ごくごく常識的なことばかりですが、栄養学の基本をおさらいしておきましょう。
体重の管理
運動選手に体重の管理は欠かせません。優れたスポーツ選手であるなら、100グラム単位での体重の増減に注意すべきでしょう。体重の増減に影響するものとして、体内の水分量、体脂肪の量、筋肉や骨の重さなどがあります。
このうち、体内の水分量が最も短時間で大きく変化します。この点については「水分管理」の項で改めて取り上げます。
体脂肪の量の変化も体重の増減に大きく関わります。1〜2週間くらいの時間で変化していきます。筋肉や骨が強化されることによる体重の変化は、一般に体脂肪の減少と相殺されることが多く、あまりはっきりしません。
カロリーと体重
食品は、人間が生きて活動するためのエネルギー源です。安静にしていても、呼吸や循環を保つため、ある程度のエネルギーを必要とします(基礎代謝)。また、運動をすれば、その運動量の分だけエネルギーが消費されます。

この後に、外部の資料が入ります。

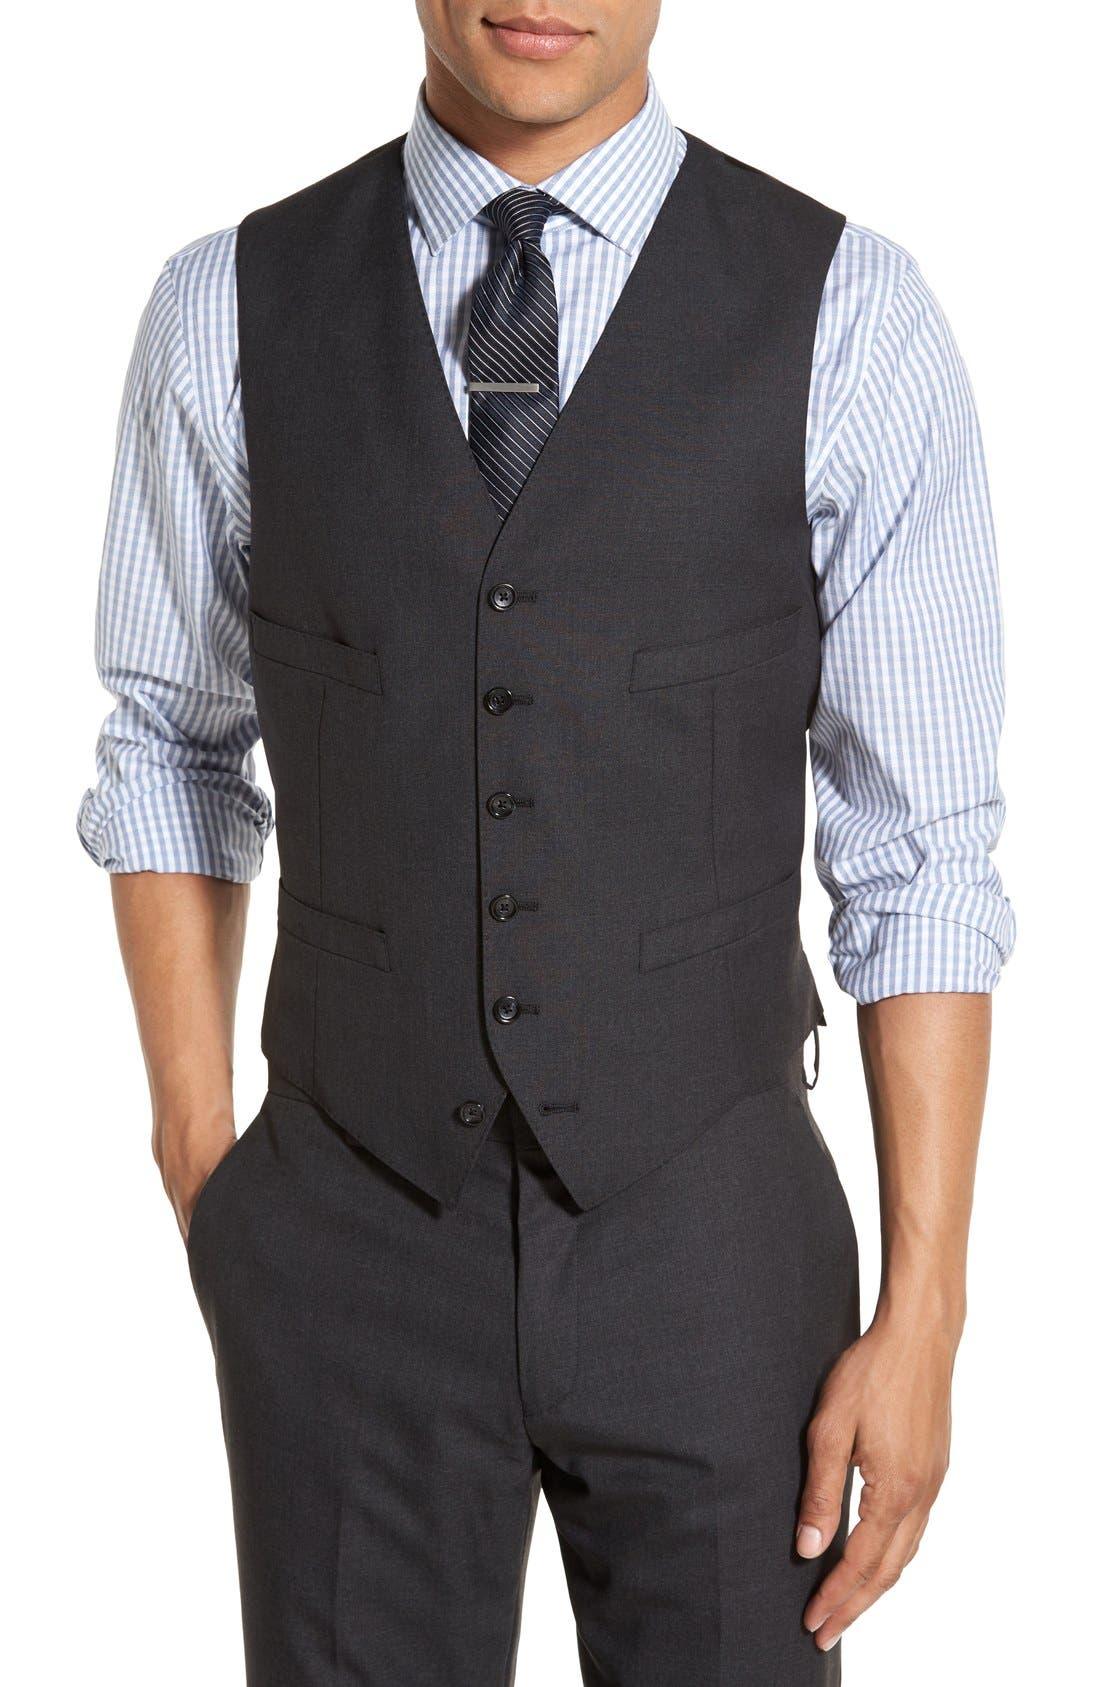 Ludlow Trim Fit Solid Wool Vest,                             Main thumbnail 1, color,                             Charcoal

食品から摂取したカロリーの総量と、その人が消費したエネルギーの総量(基礎代謝+運動エネルギー)を比べたとき、消費したエネルギーが大きければ体重は減り、摂取したエネルギーが大きければ体重が増えます。このことは、食品の種類や内容とはあまり関係ありません。
摂取したカロリー > 消費したカロリー → 体重増加
摂取したカロリー < 消費したカロリー → 体重減少
カロリー計算
上述のように、体重の増減は摂取するカロリーと消費するカロリーのバランスで決まります。消費するカロリーは、トレーニングのメニューなどから自然と決まってくるものですから、それに合わせて摂取するカロリーをコントロールする必要があります。
何をどれだけ食べればいいのか、きちんと理解していなければ、一流のスポーツ選手にはなれません。食品とそのカロリーに関する知識はとても重要です。きちんとカロリー計算の出来る選手は、きちんと自分の体をコントロールすることができるでしょう。カロリー計算の方法や、各食品のエネルギー量などは、栄養学やスポーツ栄養学の専門書も参考にして下さい。
もちろん、レーサーの栄養管理としては、カロリーの総量だけでなく、その中の食品のバランスなども重要です。それらについては、専門講座「レーサーの食事」で取り上げる予定にしています。